Illini Bluffs High School, or IBHS, is a public four-year high school located at 212 North Saylor Street in Glasford, Illinois, a village in Peoria County, Illinois, in the Midwestern United States. IBHS serves the communities of Glasford, Kingston Mines, and Mapleton. The campus is located 15 miles southwest of Peoria, Illinois, and serves a mixed village and rural residential community.

== History ==

Illini Bluffs High School was formed out of the consolidation of Glasford, Kingston Mines, and Mapleton schools at some point in the 1900s. Surrounding communities may have also possessed high schools at some time which were consolidated into the current IBHS. Potential reference/citation:

Timber Township High School District #159 was formed in 1916. The first graduating class of 29 students took place in 1918.

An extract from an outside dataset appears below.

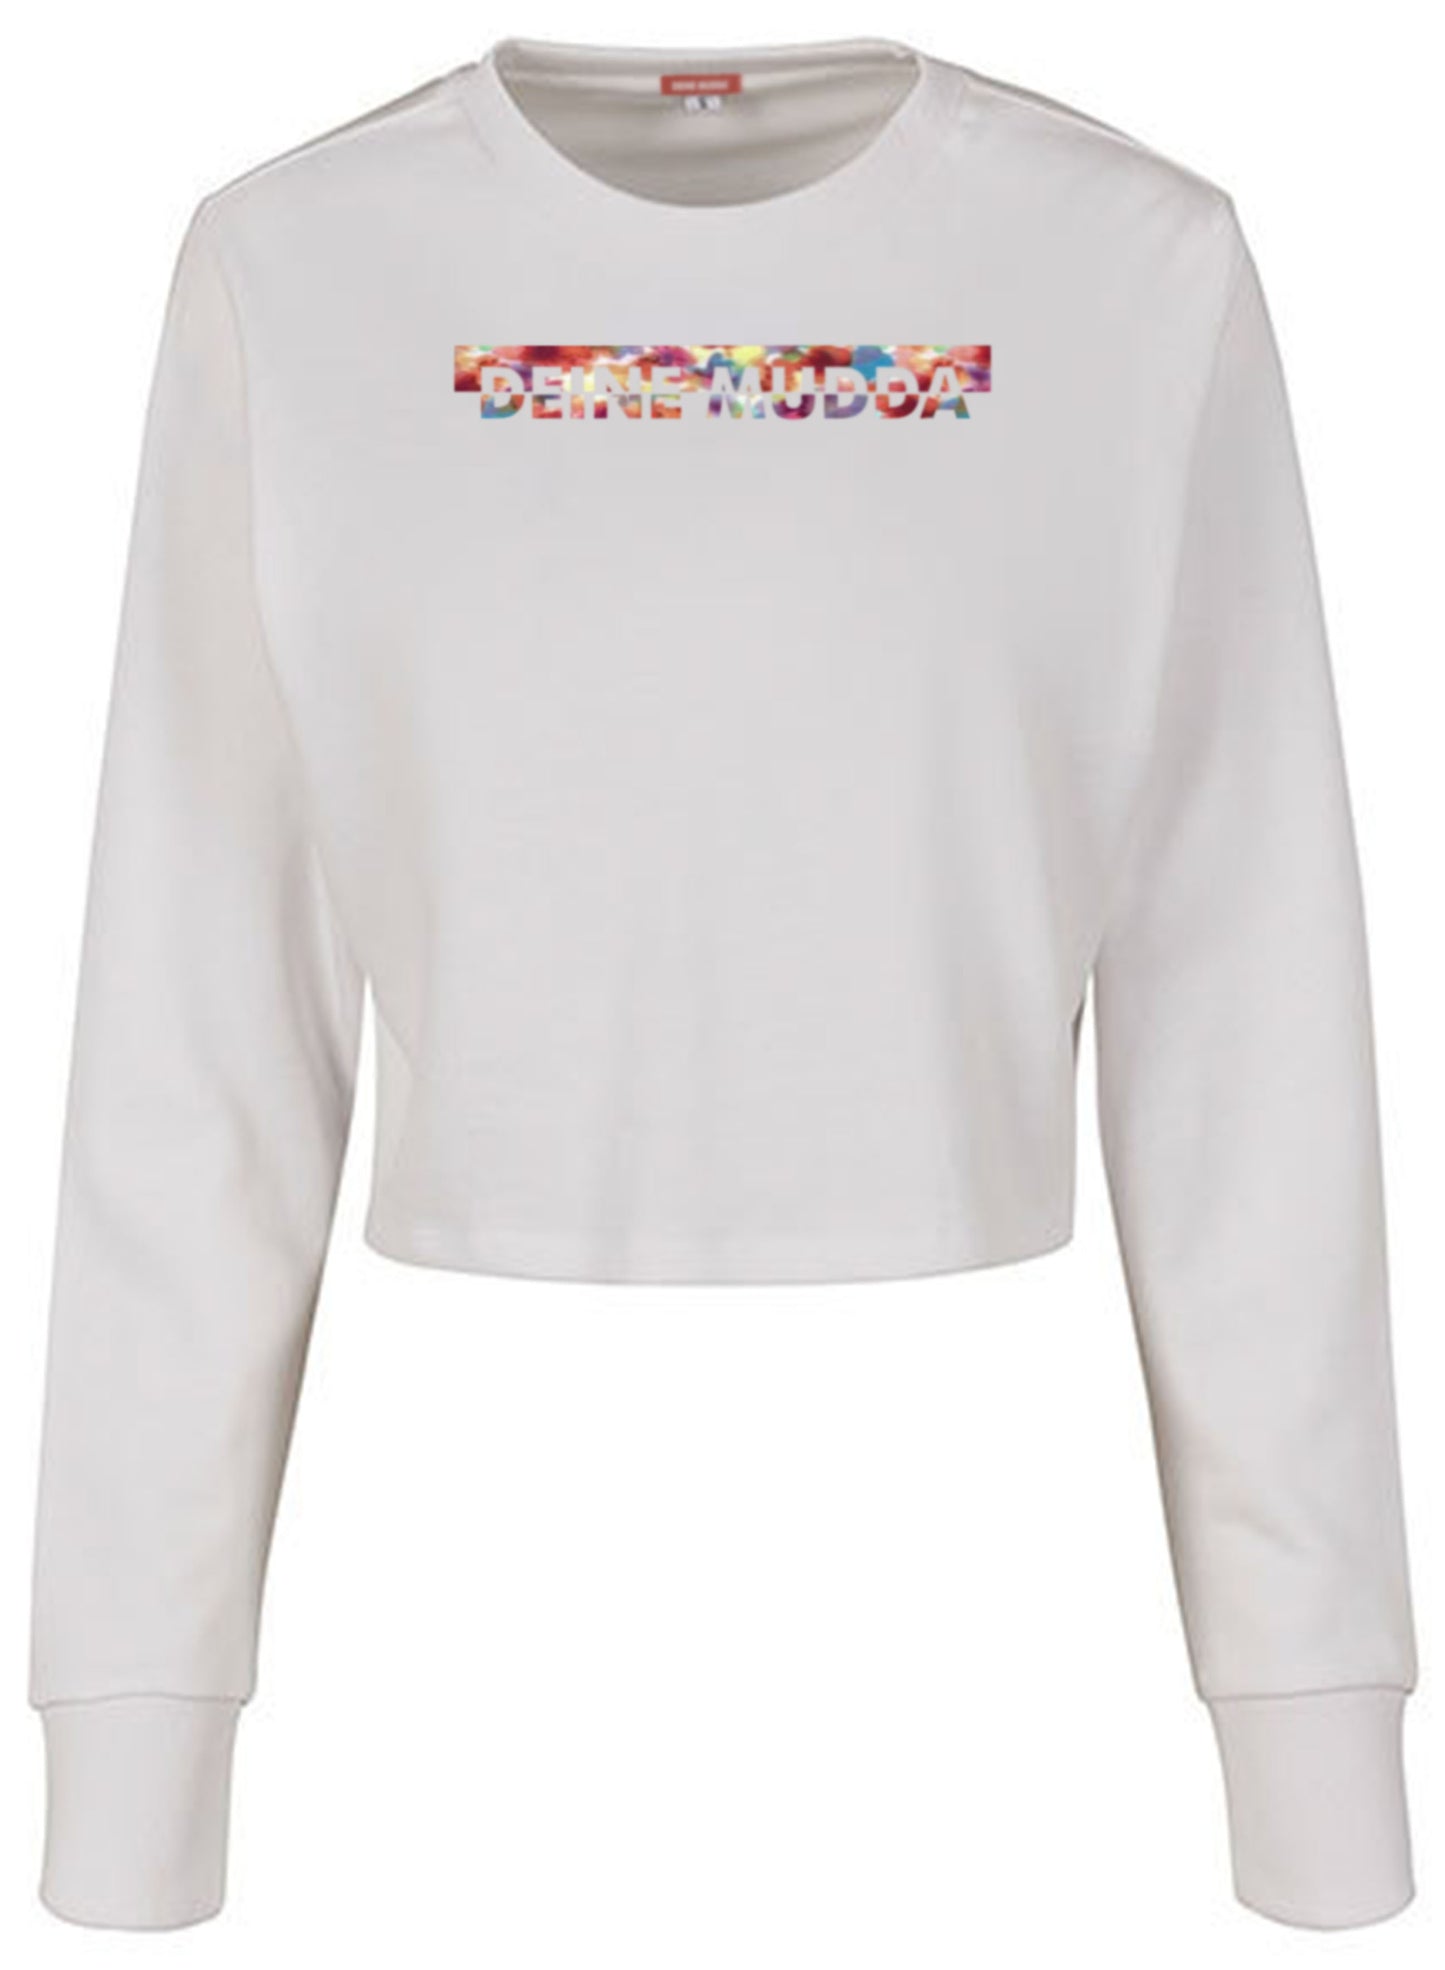 Cropped Pullover für Damen OC CUT flowers (weiß) DEINE MUDDA®

In 1922, several rural schoolhouses in Glasford and Kingston Mines were consolidated into one district, Consolidated District #205. In 1944 to 1948, additional schools were added to the district from Hollis, Limestone, and Logan townships.

In 1969-1970, Timber Township High School #159 combined with District #205 and other area schools (Lancaster, Mapleton, Westwood, Wheeler) to become Illini Bluffs Unit School District #327.

== Academics ==

Potential reference/citation:

== Athletics ==
Illini Bluffs High School competes in the Tomahawk Conference and also the Inter County Athletic Conference as a member school in the Illinois High School Association.

Their mascot is the Tigers, with school colors of orange and black. The school has no state championships on record in team athletics and activities however the school has had many state championships in individual sports and activities.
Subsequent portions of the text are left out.